■ Entries supplied ■
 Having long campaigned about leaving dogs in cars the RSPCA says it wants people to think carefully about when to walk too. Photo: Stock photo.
* * *
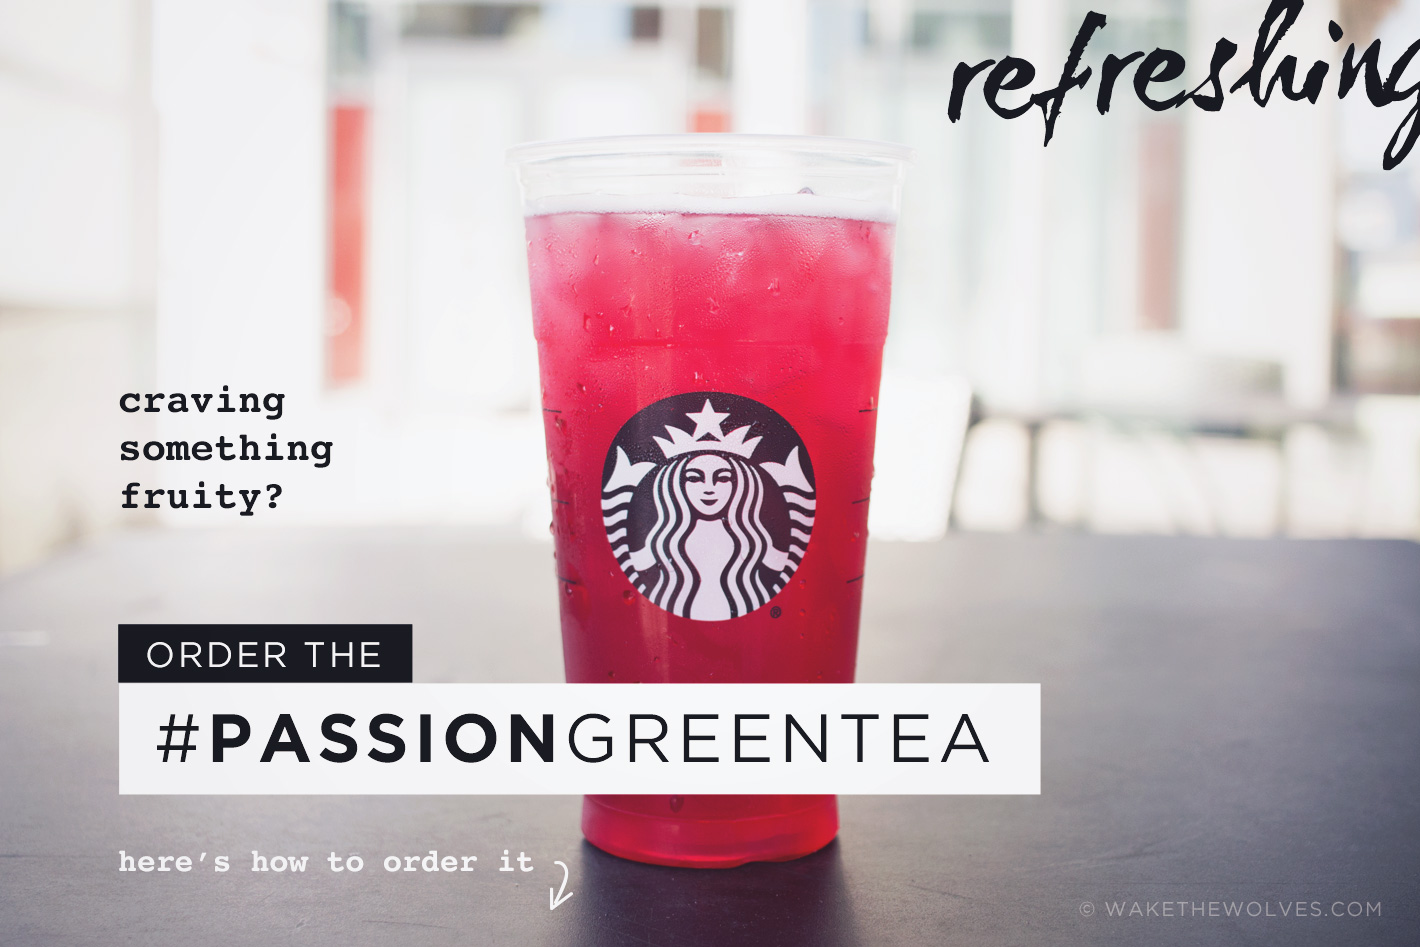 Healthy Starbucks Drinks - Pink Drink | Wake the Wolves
---
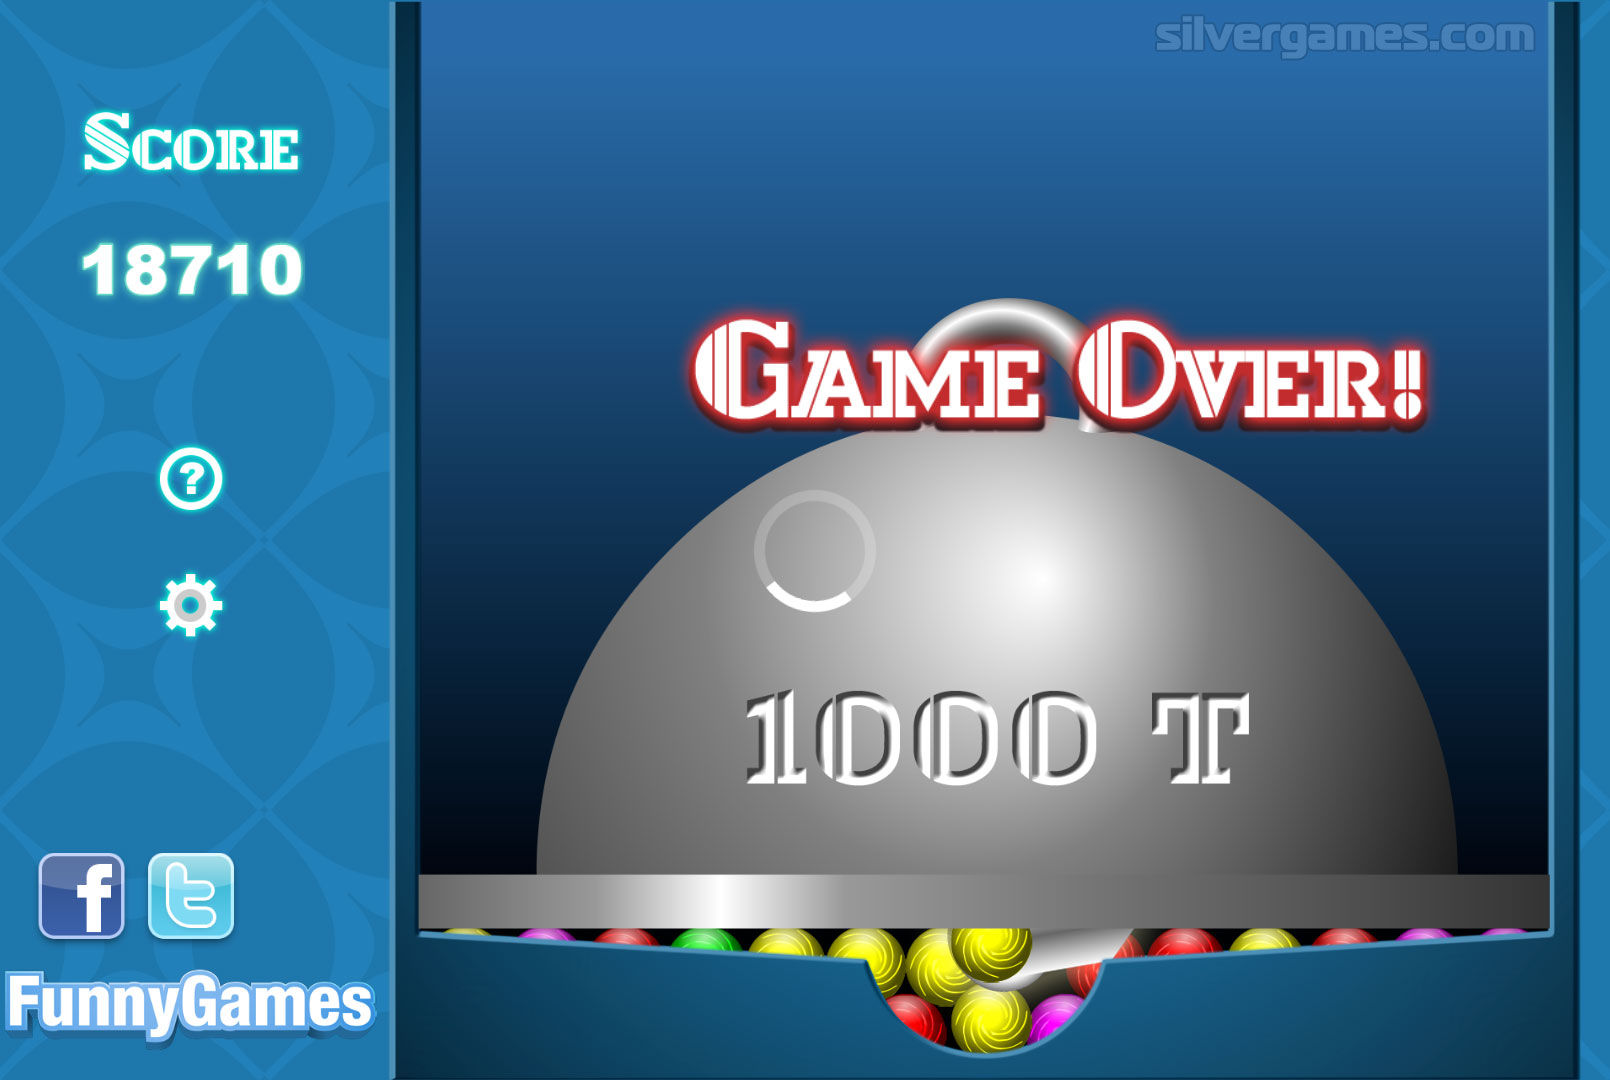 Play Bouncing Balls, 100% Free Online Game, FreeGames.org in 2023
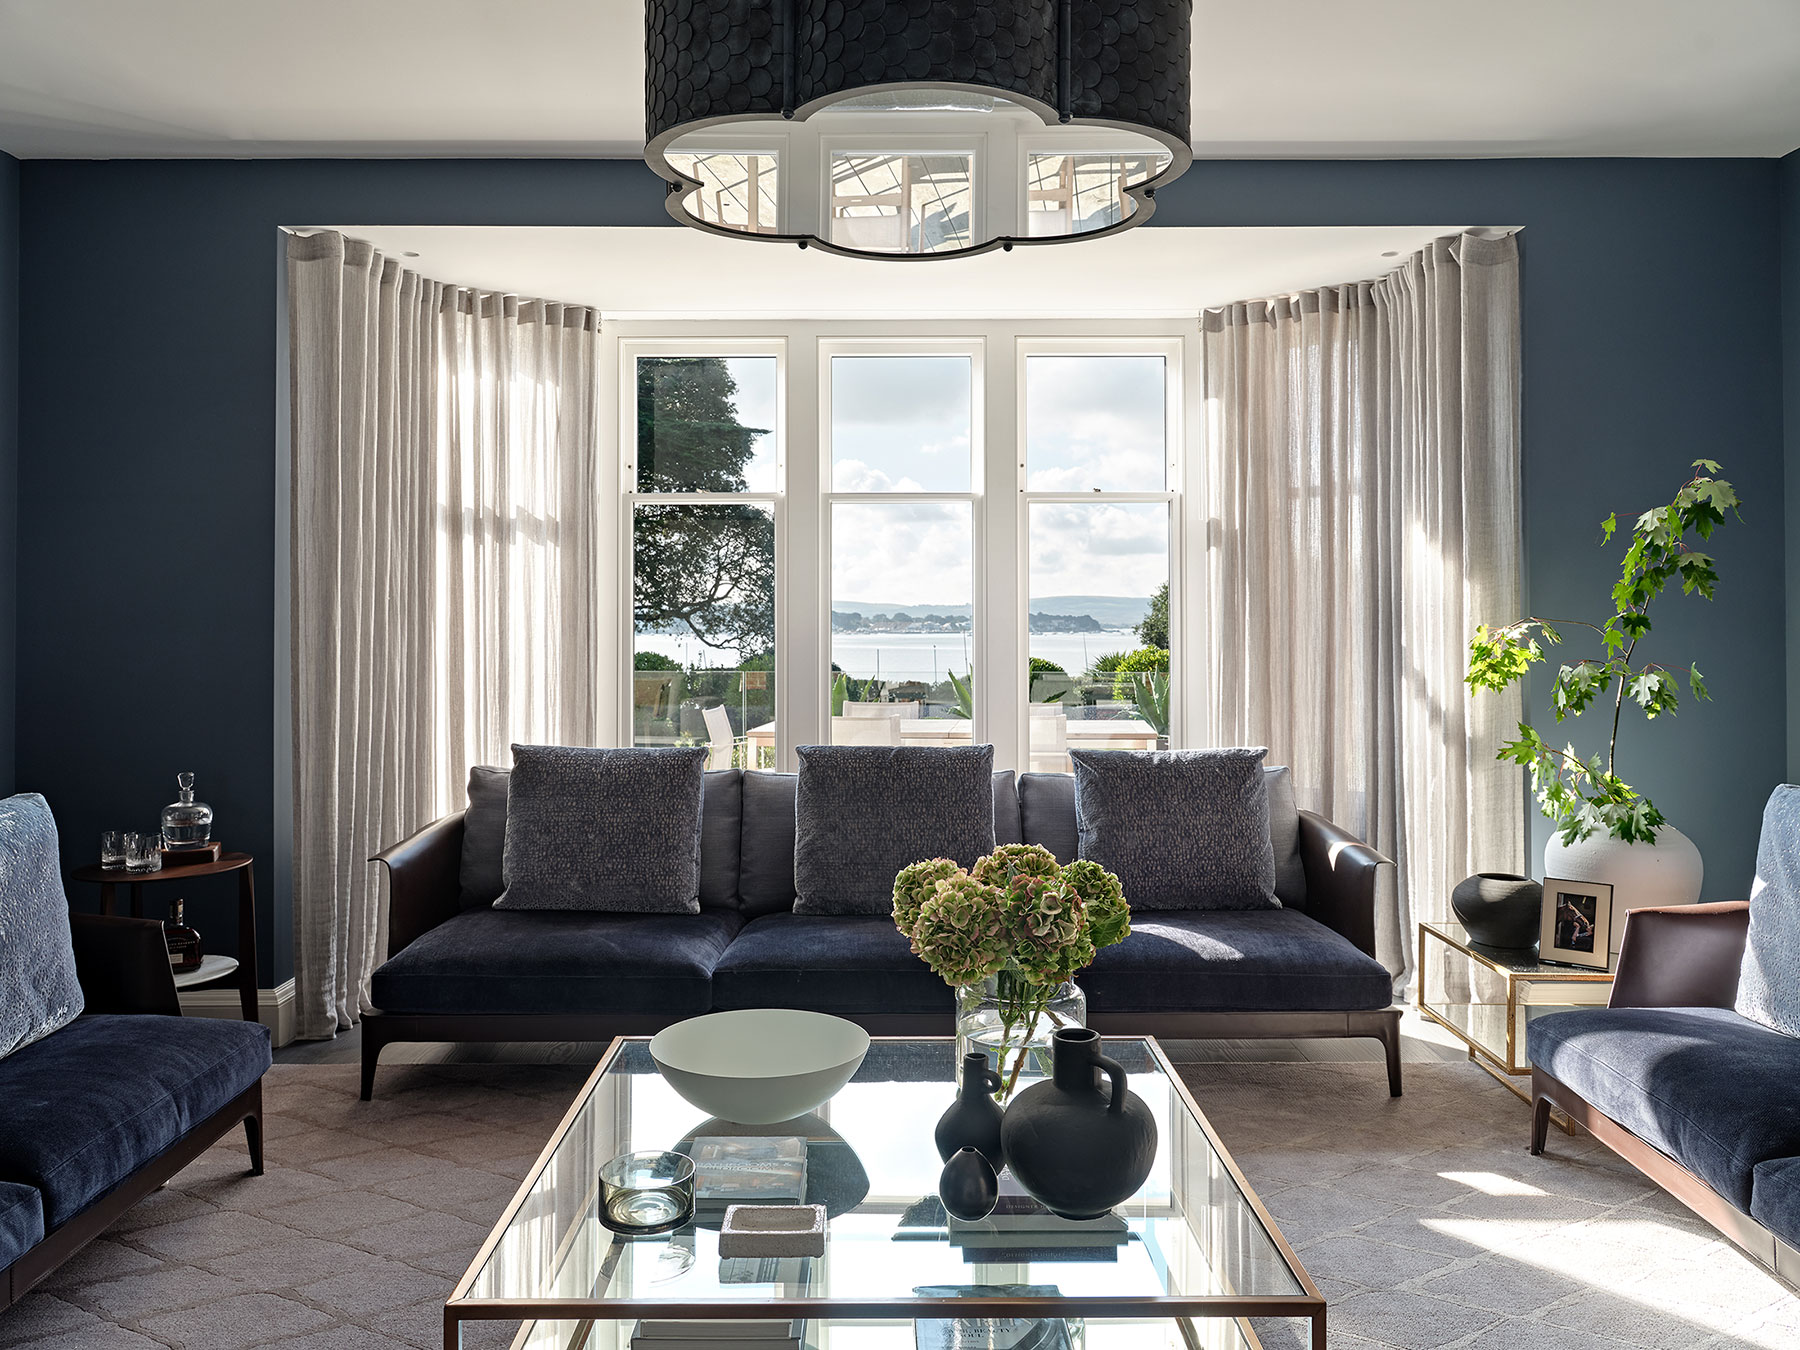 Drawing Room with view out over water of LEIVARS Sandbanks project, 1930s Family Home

■ What needs to be done ■
Range to copy from the listing above: the line with "Play Bouncing Balls, 100%" through the line with "Drawing Room with". Transcribe it exactly and skip the pictures.

■ Written response ■
 Play Bouncing Balls, 100% Free Online Game, FreeGames.org in 2023
 Drawing Room with view out over water of LEIVARS Sandbanks project, 1930s Family Home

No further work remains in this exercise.